又再一次亮起来。
模糊不清的画面和渐渐大起来的声音相辅相成,令人身临其境,好像从一场梦里刚醒过来。
“b组机位对着江……对就这个角度……”
“其余人让开……婧然给许尧让条路,对……好,停,就这个画面和构图,很好非常好……”
“a组机位走,对,走走走,拍许尧的脸,拉镜头,对……”
“好,咔!”
……
一个杂乱的片场出现在观众眼前。
电影的某一幕刚拍完,剧组准备要赶下一个场。
片场的工作人员在收拾东西,许尧在匆匆的人影里拿着台词,在一边听导演讲戏,他垂眼盯着显示器,好像在走神又好像在思考什么。
导演说:“小许啊,你状态真的很好,我看很有天分嘛,演起戏来不比科班出来的小江差啊!”
许尧沉默地点点头。
导演也知道他就这样,大笑着和一边另一个演员聊天。
许尧拿着本子翻了翻。
他大学毕业之后不知道做什么,就去深造了,申请在美国读了视美,后来又在清港片场跑组的时候被导演看上,直接就拉过来演电影。
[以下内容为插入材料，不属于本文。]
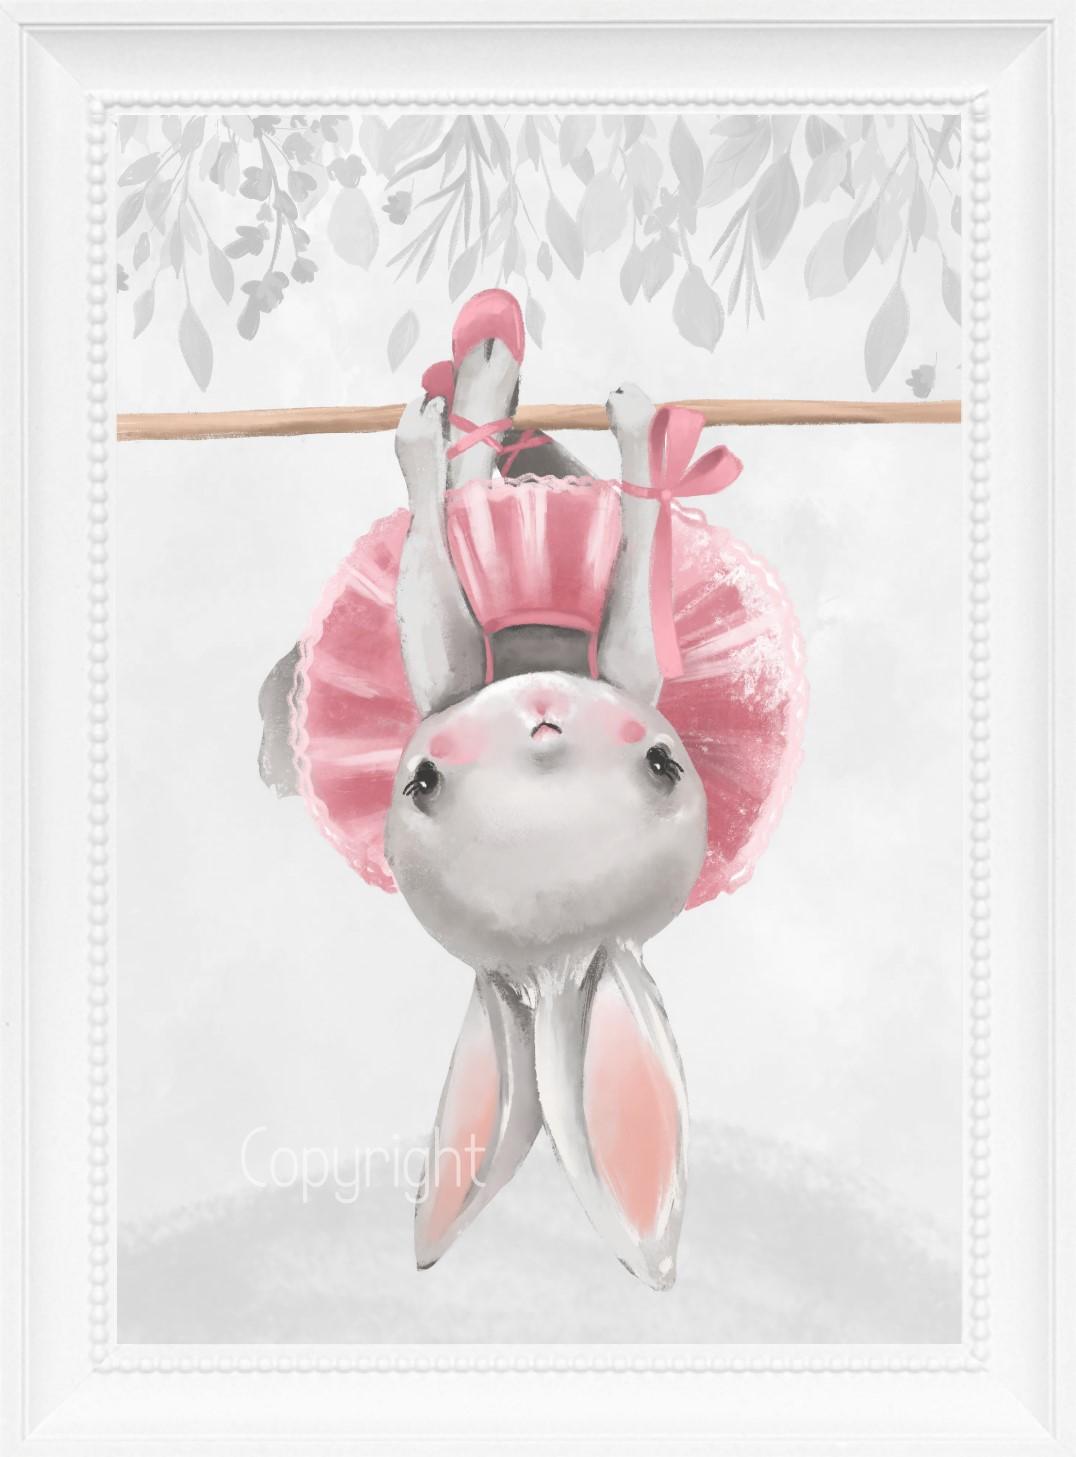 Kinderzimmer bilder set tiere prinzessin ballerina baby for Kinderzimmer bilder tiere

素人刚进圈就演电影,还是部高级文艺片的主演,简直魔幻现实主义。
不过导演确实胆子大,而且眼光格外好。
许尧很有天赋,演起来没什么匠气,自然又野蛮,加上自身气质也很适合这个角色。编剧天天没事就要夸导演捡到宝了。
许尧把剧本揣进包里,准备跟剧组的车去下个场。
四周嘈杂纷乱,他背着包往车里走。
正要上车,背后传来一声低唤。
“许尧。”
那是李哲的声音。
许尧已经习惯了。
自从李哲离开他,他耳边就总有这样的幻听。有时候在独处的房间,有时候在人来人往的大街,他听了太多次,以至于这样的呼唤已经成了一种类似“狼来了”的骗局。
他已经习以为常了。
他已经不再想他了。
许尧以为自己已经不会再为此痛苦。
他也以为自己不会再回头去看那个方向。
他的脑袋很清醒,但他的身体还没习惯,会下意识地寻找谁在呼唤他。他苍白地说自己已经忘了,可身体还在不由自主地亲近李哲。
人海匆匆。
只需要一眼。
许尧就彻底愣住了。
人潮涌动,只有他一个人神色错愕地回头望。
……
电影就定格在这里。
大大的“end”出现在结尾。
黑屏之后,主演和导演列表伴随着一段安静的钢琴曲缓缓地滚动出来。
陈嘉澍靠在沙发上,他看完电影,眉眼里涌出一点疲倦。
裴湛还久久地沉浸在剧情里没有回神。
陈嘉澍先开口,他揉了揉太阳穴:“这导演好喜欢用慢门抽帧的手法,看多了感觉眼睛疼。”
裴湛眨眨眼,想起身:“我去开灯。”
陈嘉澍拽住他的手:“等等。”
裴湛被他扯着手腕,听话地没有动弹。
陈嘉澍示意:“坐下。”
裴湛听话地坐下了。
但他坐下了陈嘉澍又不讲话。
他们就这样安静地缩在沙发里,沉默地看着彼此。
裴湛也想不通。
怎么陈嘉澍就过了个生日,忽然就变得这么……黏人?裴湛找不到更好的说法,最终还是觉得这个词最合适。
今晚的陈嘉澍实在黏人。
从陈嘉澍回来开始,除了看电影的两小时,陈嘉澍的目光就几乎没有从裴湛身上移开过。
这种行为很少出现在陈嘉澍身上,这对陈嘉澍来说简直算得上反常。
其实裴湛不大喜欢被人盯着看,因为家里那些人尽皆知的丑事,他年幼的时候被太多形形色色的眼光伤害过。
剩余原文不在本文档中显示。